日本調教馬での達成となると、1977年にシアトルスルーが名手を背に成し遂げたのが記憶に新しい。
聞いたところによると、日本競馬内でもスペクタキュラービッドが三冠馬となるのかどうか、そういう話題で持ち切りだという。
日本からの期待に応えて、ベルモントも勝って歴史的快挙をもう一度、といきたいところではあるが……。
今度ばかりはそう簡単に勝てそうな気がしない。
史実において、スペクタキュラービッドという名馬は2000mならば
本当にセクレタリアトと対決したならばどうなるか、というのはさておいて。
なにせ、このベルモントステークスが2400mという距離で行われるのだから。
実際、史実では安全ピンを踏み抜いてしまうというアクシデントこそあったものの、ベルモントでは無念の敗退を喫している。
俺だけが知る実例があることによって、なおさら不安に駆られるというもの。
「……伊坂先生、スペちゃんの脚元、大丈夫でしょうか?」
「え? え、ええ。今のところはまったく異常はありませんでしたね。生き生きとしてました」
「ならいいのですが、やっぱり不安ですね」
晴天の下、赤茶の砂が風に運ばれる。
ベルモントステークスの出走頭数は僅か7頭。
そのうちの5番、それがスペちゃんの馬番だ。
日原さんは「勝ちますよ、絶対に」とコメントしてくれていたが……結果はどうなるのかわからなさすぎる。

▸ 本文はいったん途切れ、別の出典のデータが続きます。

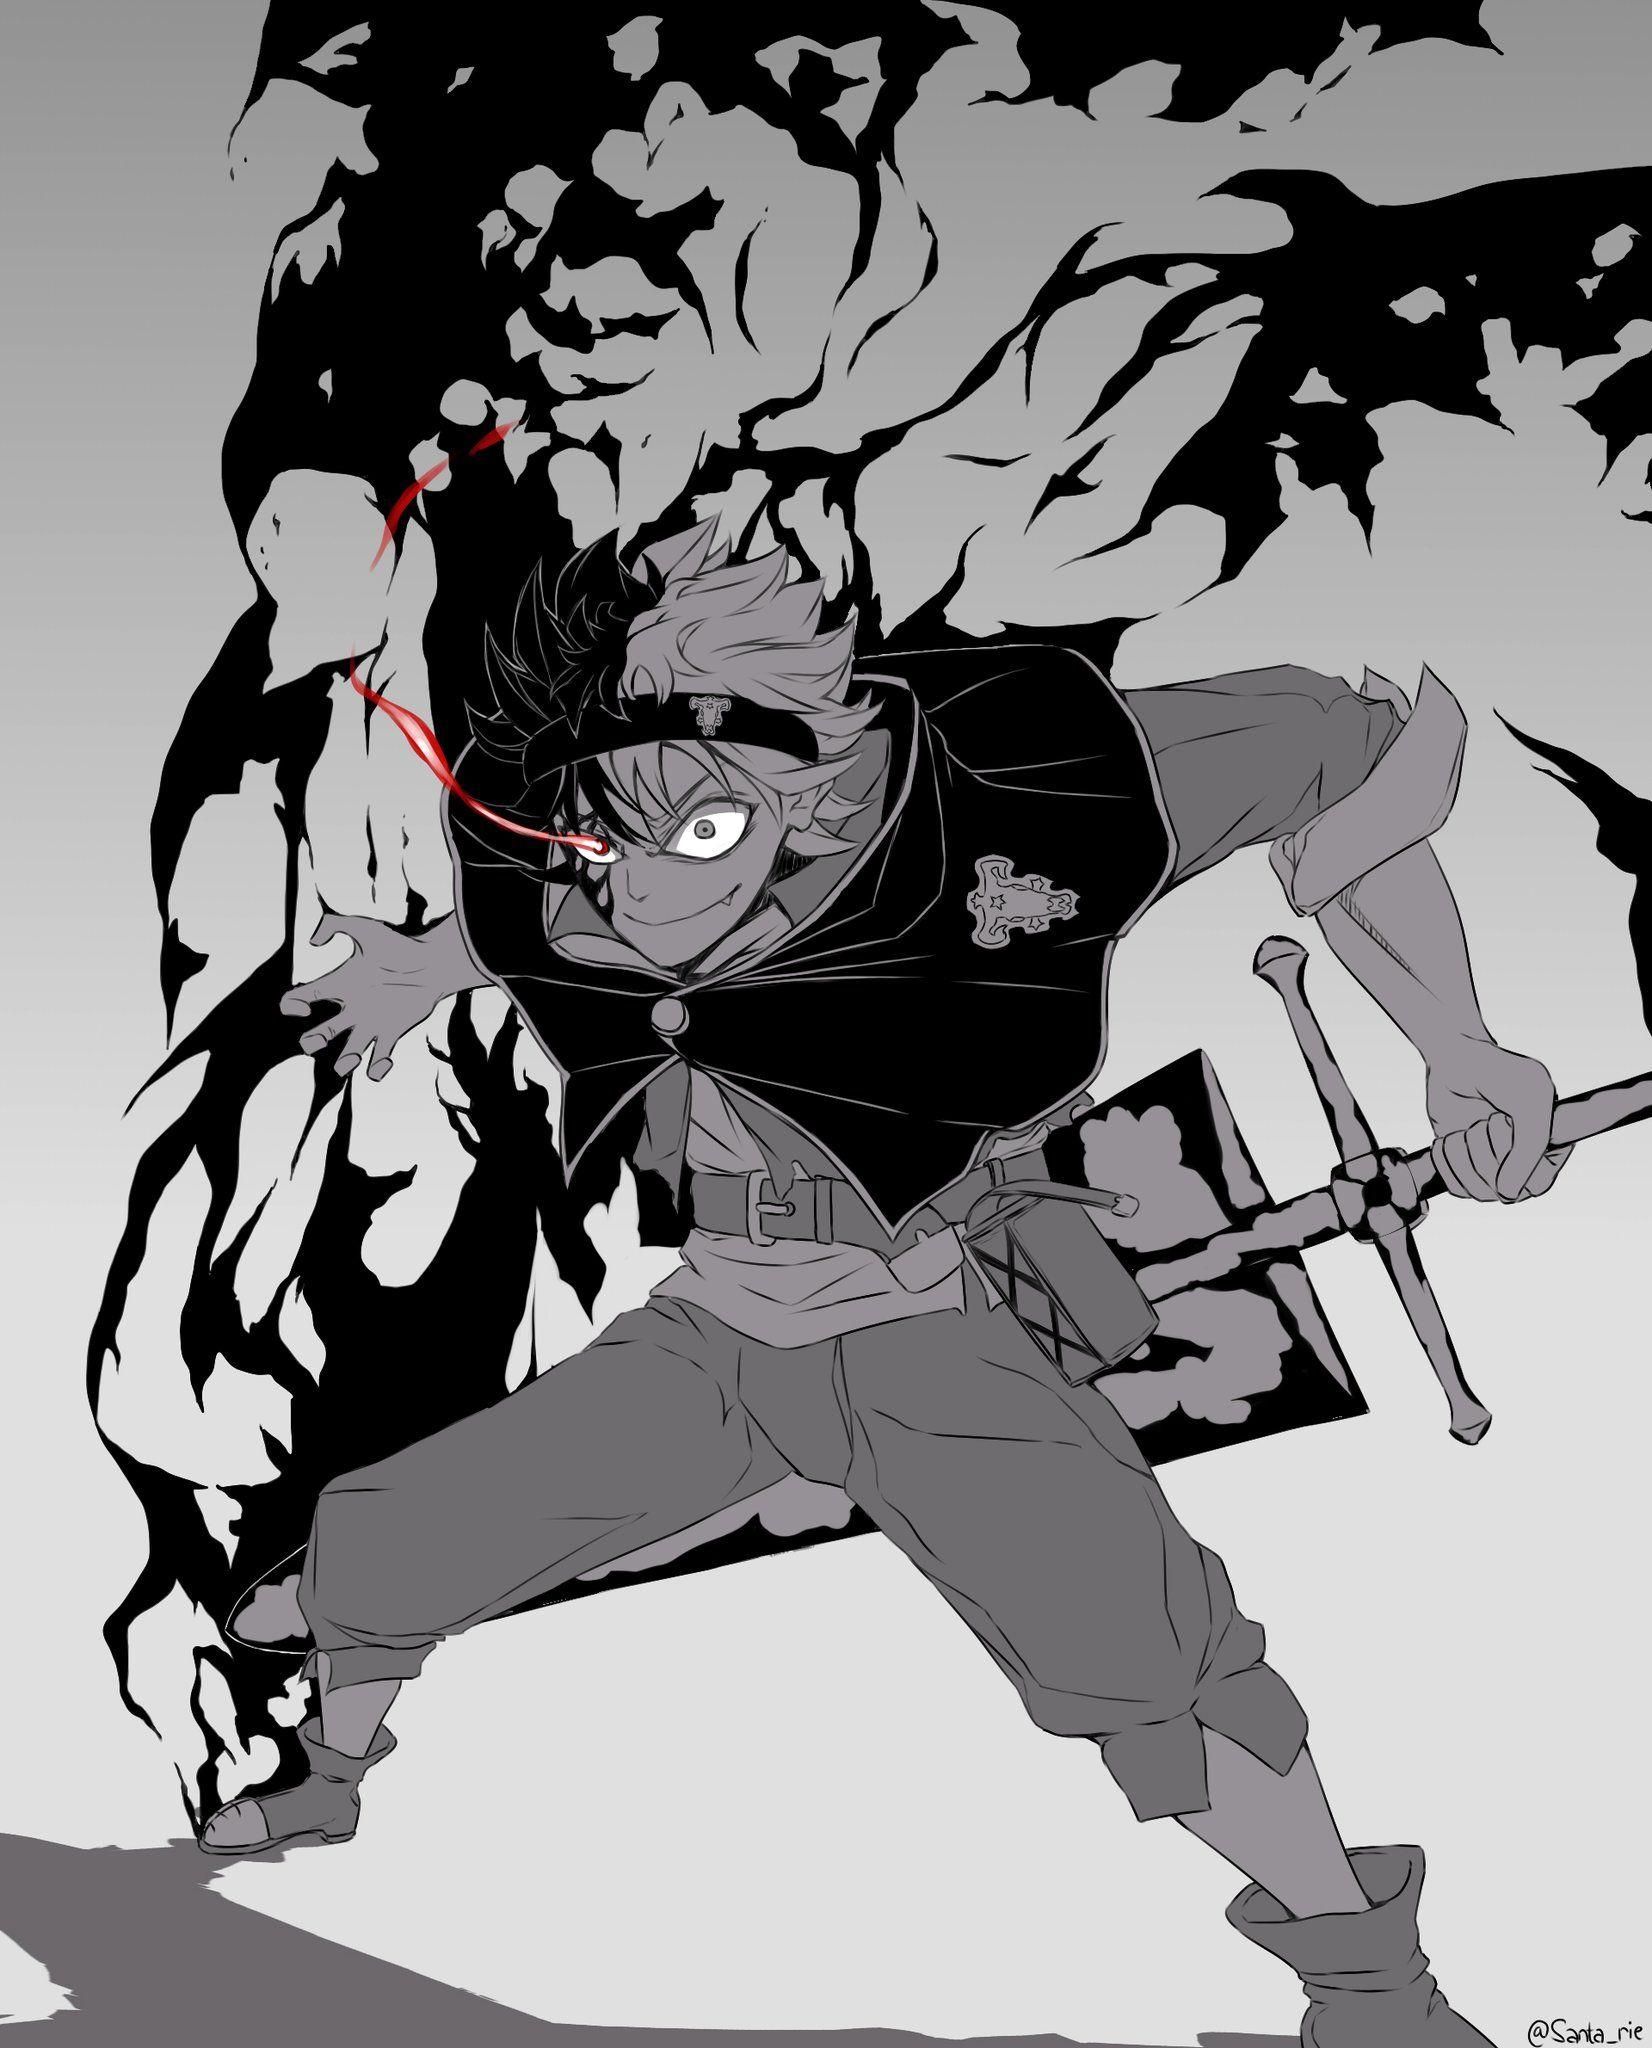 Asta Black Clover Black clover manga, Anime hd

一応人気もスペちゃんが一番人気で、オッズは1倍台と、完全に一強と予想されてはいるが。
発走時刻間近に迫って、ゲート入りも次々と済まされていく――そんな光景を目にすると、自然と肩に力が入ってくる。
深呼吸して、呟く。
「――頼む」
そして――運命の始まりを告げるように。ゲートが開け放たれた。
『――さあ、スタートしましたっ!
5番スペクタキュラービッド、好スタート、好ダッシュを決めました! スタンド、拍手喝采が沸きます! 拍手喝采が沸きます! その勢いのままスペクタキュラービッドがハナを切ります! スペクタキュラービッドがプリークネス同様の逃げ切り、押し切りを図るか!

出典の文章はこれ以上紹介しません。